Opinion and analysis writing often seems to come forward in ‘waves’. It is almost never just one piece but a veritable series of similar narrations that seeks to identify the trends.  This wave-like writing certainly is evident when it comes to US foreign policy making and in particular the rising tensions between the two leading powers – the United States and China. There was a first wave of  ‘New Cold War’ articles, that as I suggested along with some of my V20 colleagues seemingly impacted partisans of both Parties in the United States. Then, there was the wave US-China trade war tensions. And now we see the current wave in the ‘Rising US-China’ tensions and the return to a view that this may indeed be a new sorta ‘Cold War’ and dire predictions of decoupling between the two leading economies and the ‘deer in the headlights’ of US allies trying to avoid choices between the two.

This newest wave of US-China tensions has been orchestrated in part by the Trump Administration with speeches from senior officials William Barr, the Attorney General,  Robert C. O’Brien, National Security Advisor,  Christopher Wray, the Director of the FBI, Mark Esper Secretary of Defense and, finally with the icing on the cake the speech by  Michael Pompeo the  current Secretary of State at a highly significant location – the Nixon Presidential Library and Museum at Yorba Lind, California.

It is interesting that these declarative words all began with the Donald Trump’s actions – the chaos, the denigration of multilateralism, the strong-arming of allies and the threats to end key alliance relations of the liberal order – NATO, US- Japan and US-Korea security treaties. While these initiatives and threats heralded Trump’s America First policy they have been superseded most recently with the targeting of China. It reflects, one suspects, the ‘Hail Mary’ approach that Trump seems to have chosen with falling numbers on his reelection.
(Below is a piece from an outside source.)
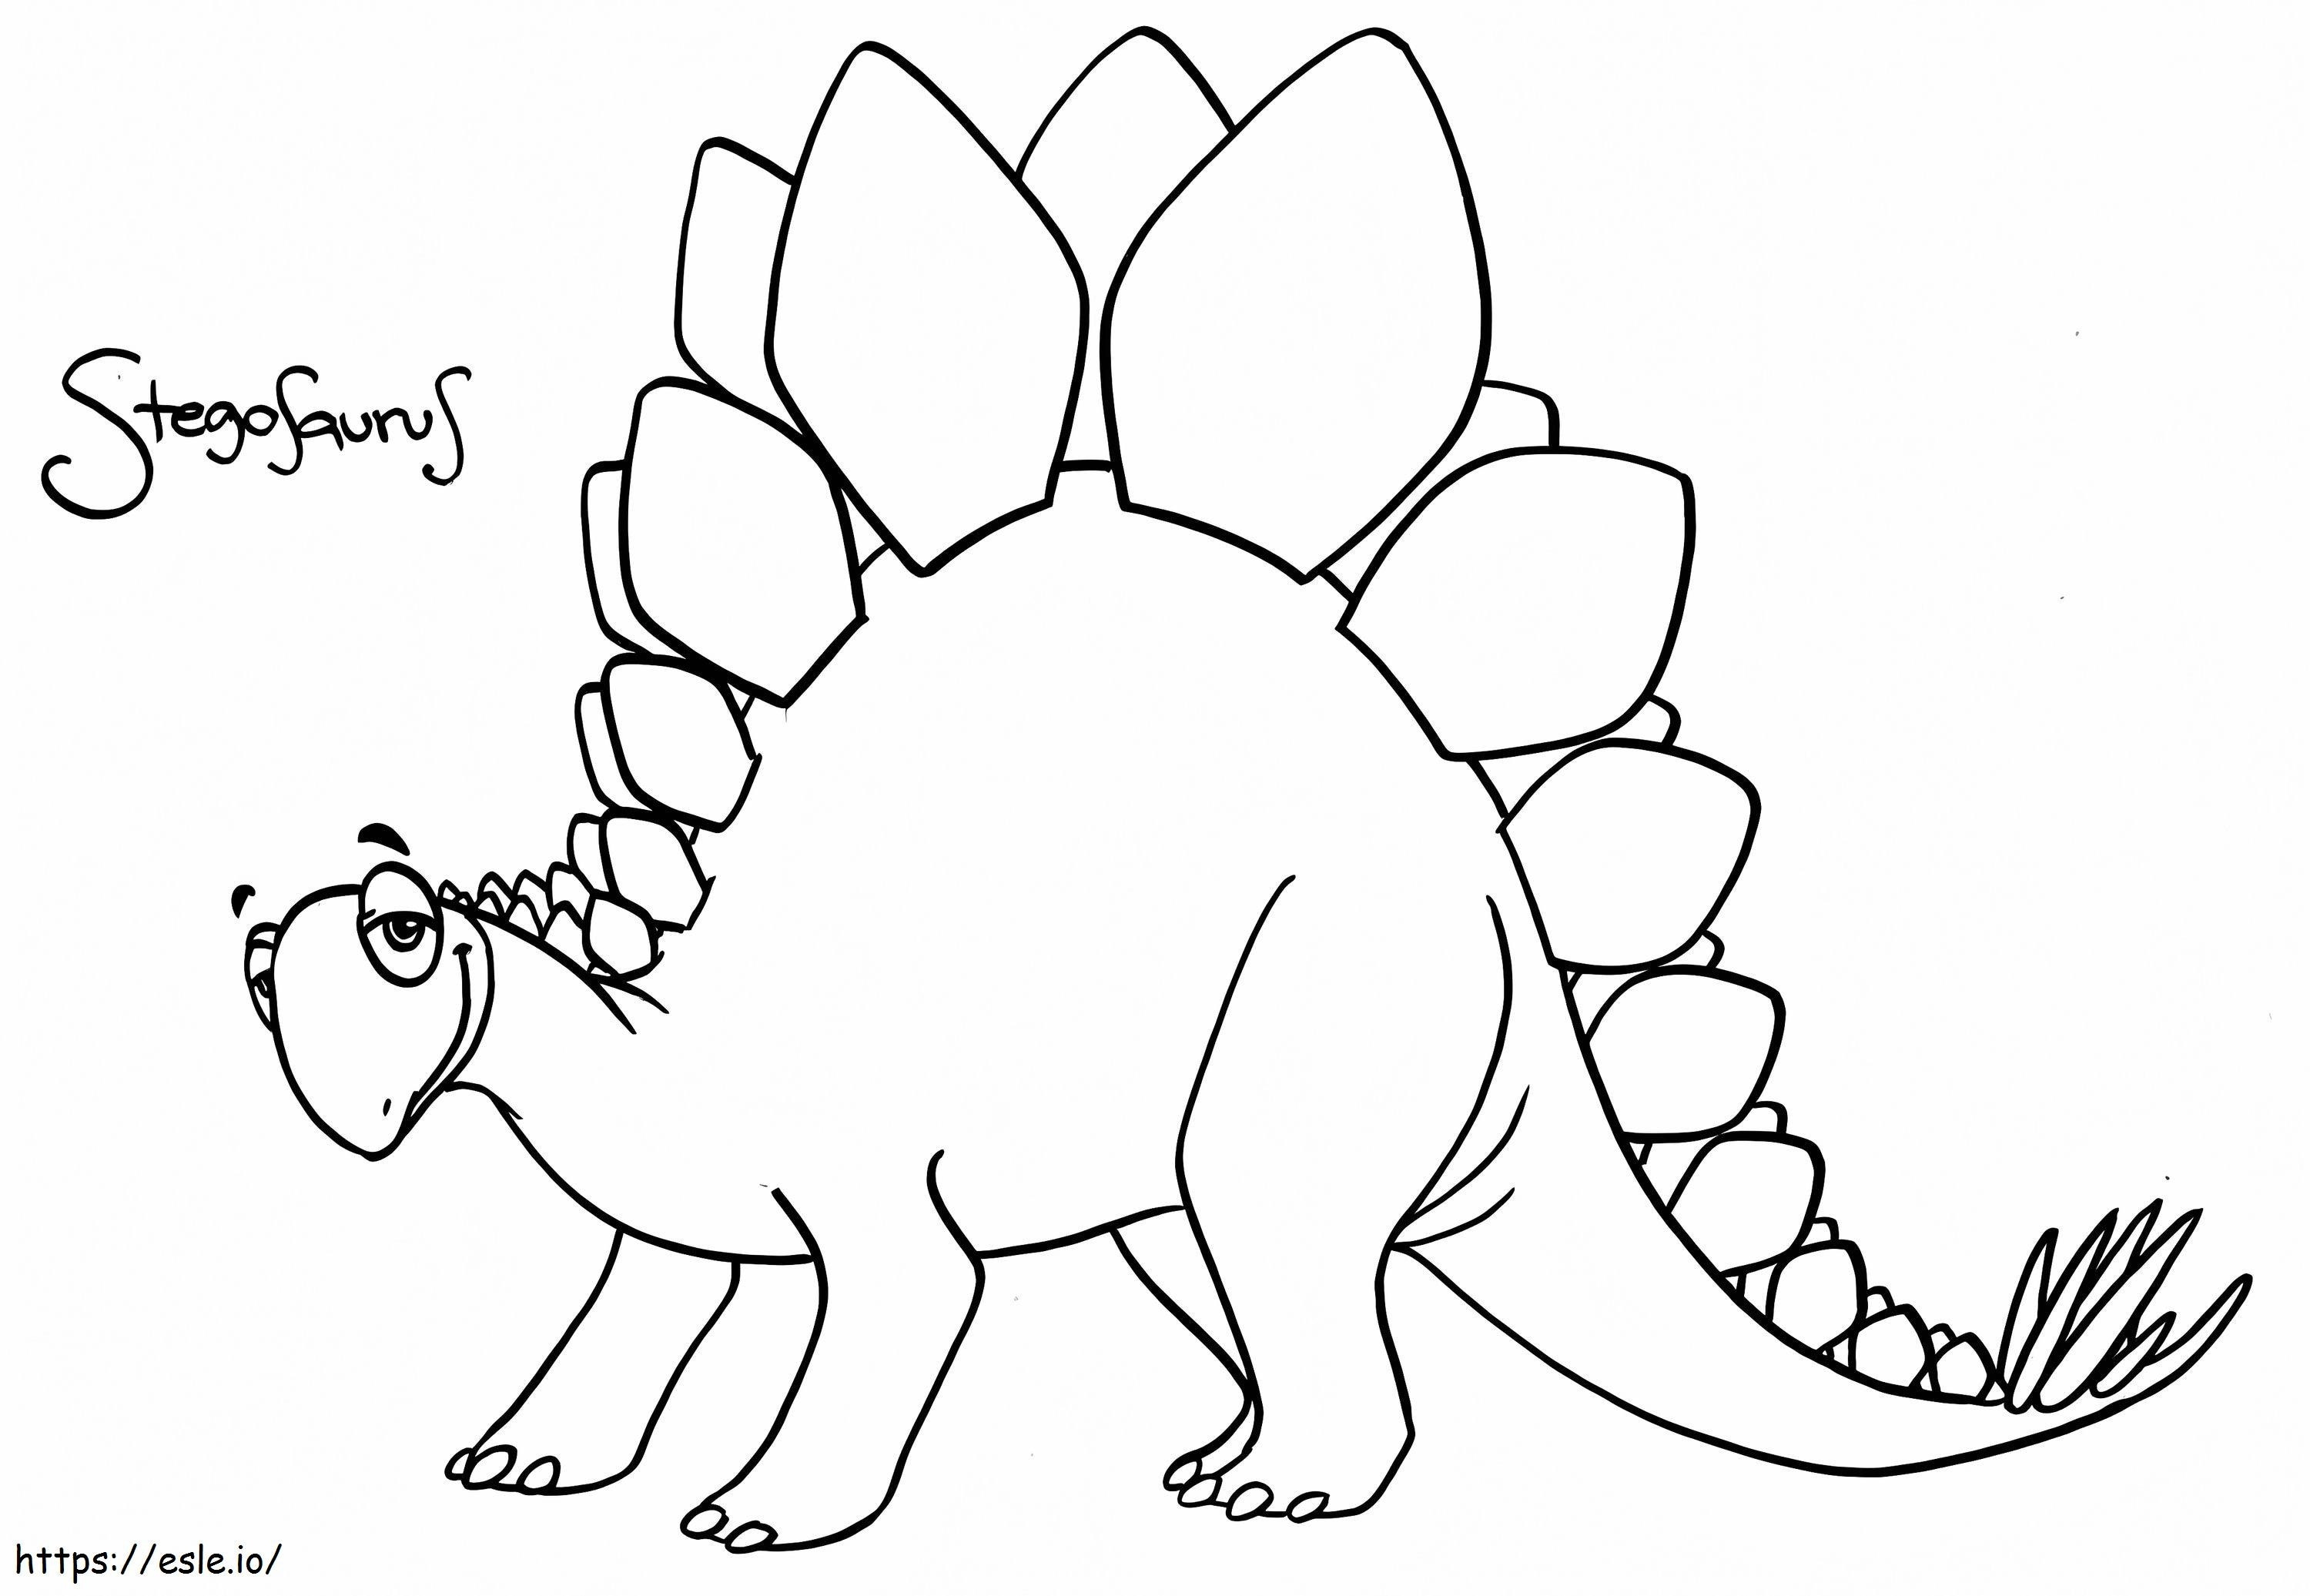 Smiling Stegosaurus coloring page

It is China ‘all the time’, by these officials, attacks on the Communist Party of China and even the targeting of regime change by these US officials.  Additionally, and I don’t think prematurely US foreign policy analysts are at the same time attempting to anticipate a foreign policy under a Biden Administration. But we’ll save that examination for another moment.
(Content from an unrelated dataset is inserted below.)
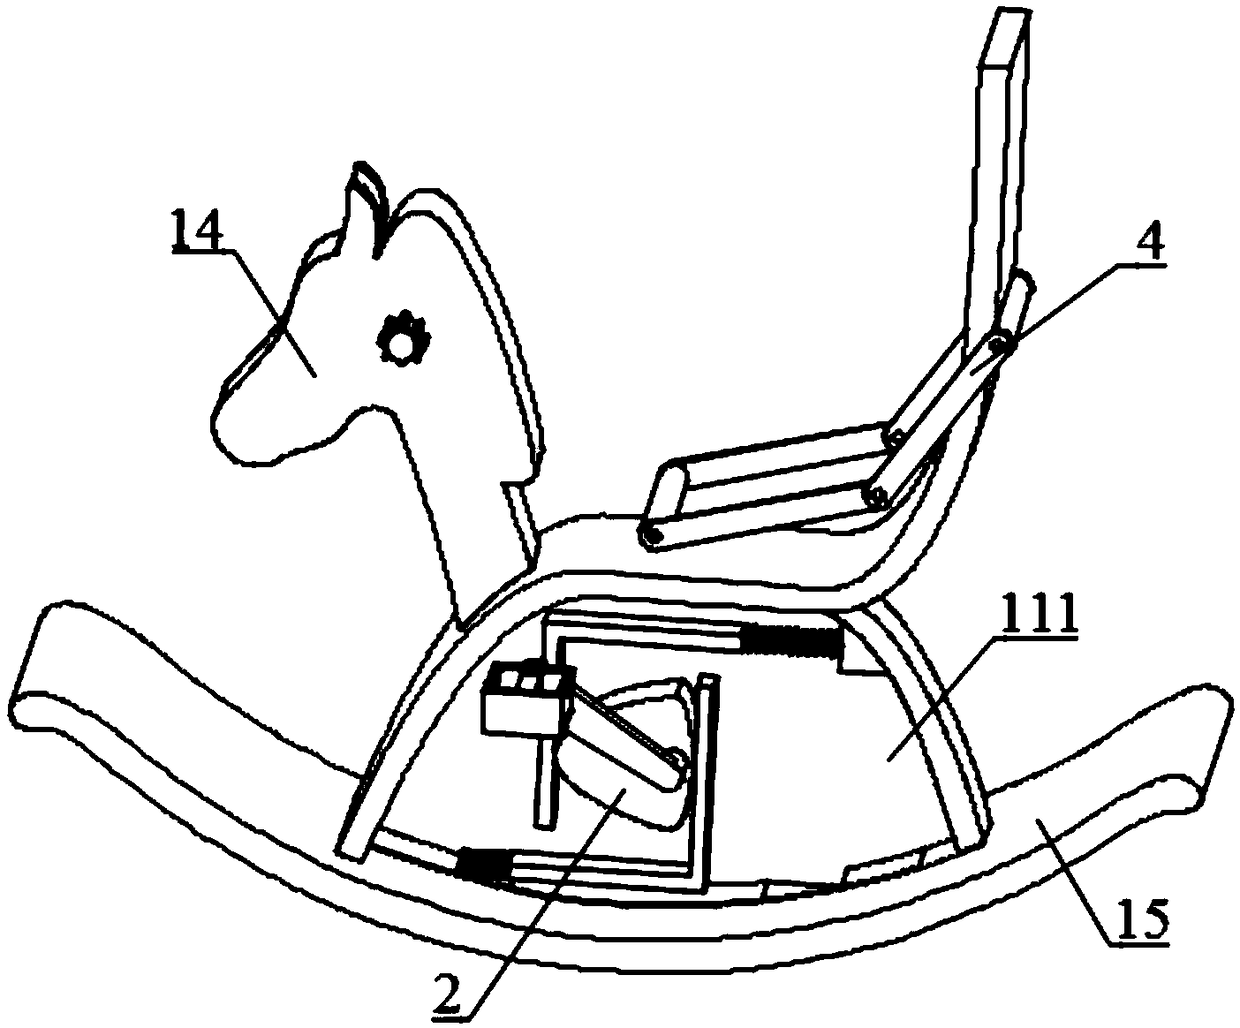 Body-building type rocking horse

Meanwhile the language is barely restrained . As my CSIS colleagues Scott Kennedy and Matthew Goodman conclude in a recent post:

Through a series of speeches and tough actions, the Trump administration has clearly signaled that it views a Xi Jinping-led China as an existential threat to the West, and hence, is trying to mobilize its friends and allies to form a united front against Beijing.
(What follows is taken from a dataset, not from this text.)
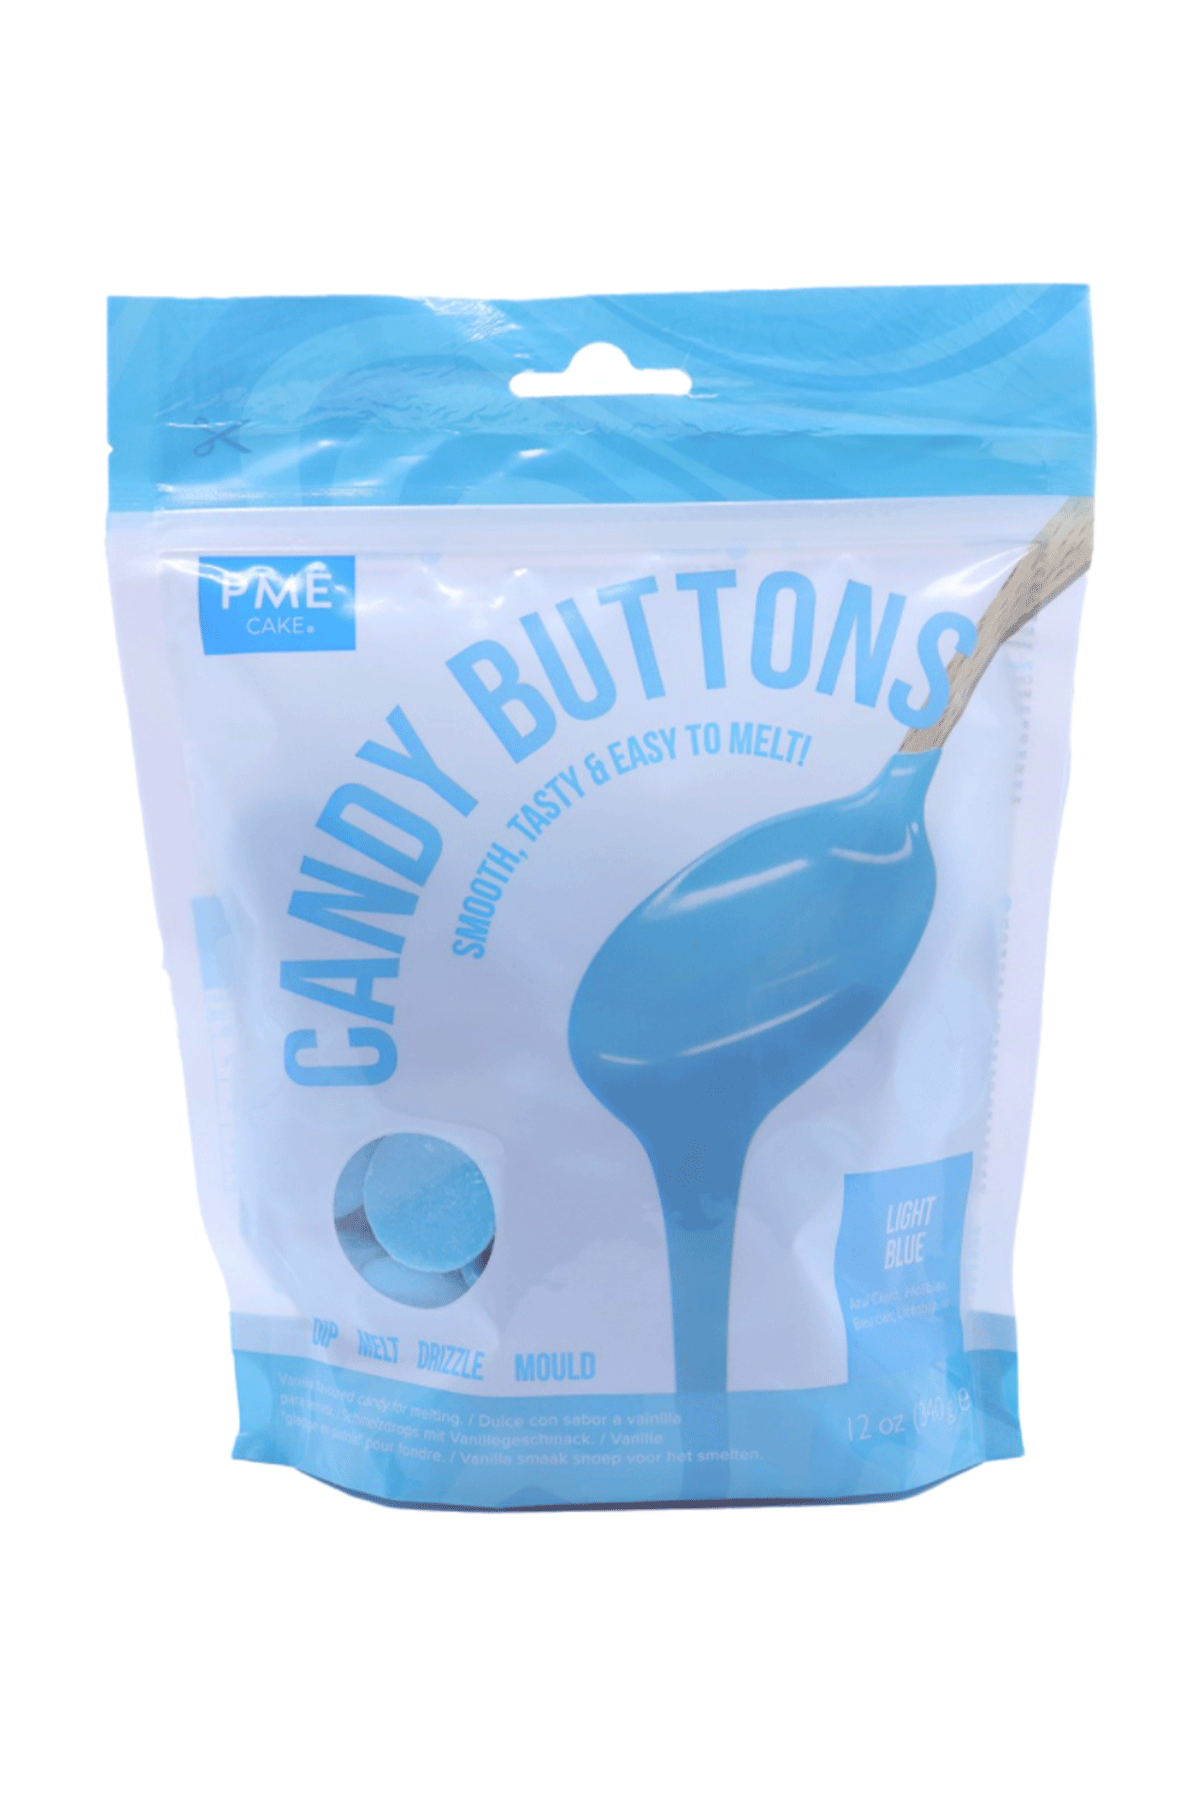 Candy Buttons - Light Blue (284g/10 oz) PME

Here is William Barr, the Attorney General of the United States describing China and its current ambitions in a speech he delivered on July 16th:

… that is, the United States’ response to the global ambitions of the Chinese Communist Party.  The CCP rules with an iron fist over one of the great ancient civilizations of the world.  It seeks to leverage the immense power, productivity, and ingenuity of the Chinese people to overthrow the rules-based international system and to make the world safe for dictatorship.

The objective is according to Barr, clear:

The People’s Republic of China is now engaged in an economic blitzkrieg—an aggressive, orchestrated, whole-of-government (indeed, whole-of-society) campaign to seize the commanding heights of the global economy and to surpass the United States as the world’s preeminent superpower.

And, the dire views of Barr are only amplified, indeed ‘accelerated’ a now favored term in this ‘Age of the pandemic’ by Mike Pompeo:

But I have faith we can do it. I have faith because we’ve done it before. We know how this goes. I have faith because the CCP is repeating some of the same mistakes that the Soviet Union made – alienating potential allies, breaking trust at home and abroad, rejecting property rights and predictable rule of law.

And as pointed up above the location of the Pompeo speech was no accident. It is the Nixon library – the archive of the President that set in motion along with his National Security Advisor Henry Kissinger, the dramatic alteration of US policy toward Mao’s China – one of the seminal diplomatic events of any President in the post WWII period. And why deliver the speech there? Well, to pronounce that policy a dramatic mistake:

As time went on, American policymakers increasingly presumed that as China became more prosperous, it would open up, it would become freer at home, and indeed present less of a threat abroad, it’d be friendlier. It all seemed, I am sure, so inevitable.  But that age of inevitability is over. The kind of engagement we have been pursuing has not brought the kind of change inside of China that President Nixon had hoped to induce.

This puts the end of the decades long engagement. ‘Engagement is dead’.

But is it?

Image Credit: Erin Schaff/The New York Times

What Comes Next for the Global Order?

 

Much hurried prediction, or more correctly, should I say speculation has been expressed by IR experts over the  impact of the Covid-19 pandemic on the current global order. One of IR’s leading lights, Richard Haass, President of CFR has been ‘front and center’  in painting a post Covid global order. It’s not very pretty, nor much of an order. In an April article in Foreign Affairs  he describes the future global order in quite ‘downbeat’ terms:

Yet the world that will emerge from the crisis will be recognizable. Waning American leadership, faltering global cooperation, great-power discord: all of these characterized the international environment before the appearance of COVID-19, and the pandemic has brought them into sharper-than-ever relief. They are likely to be even more prominent features of the world that follows.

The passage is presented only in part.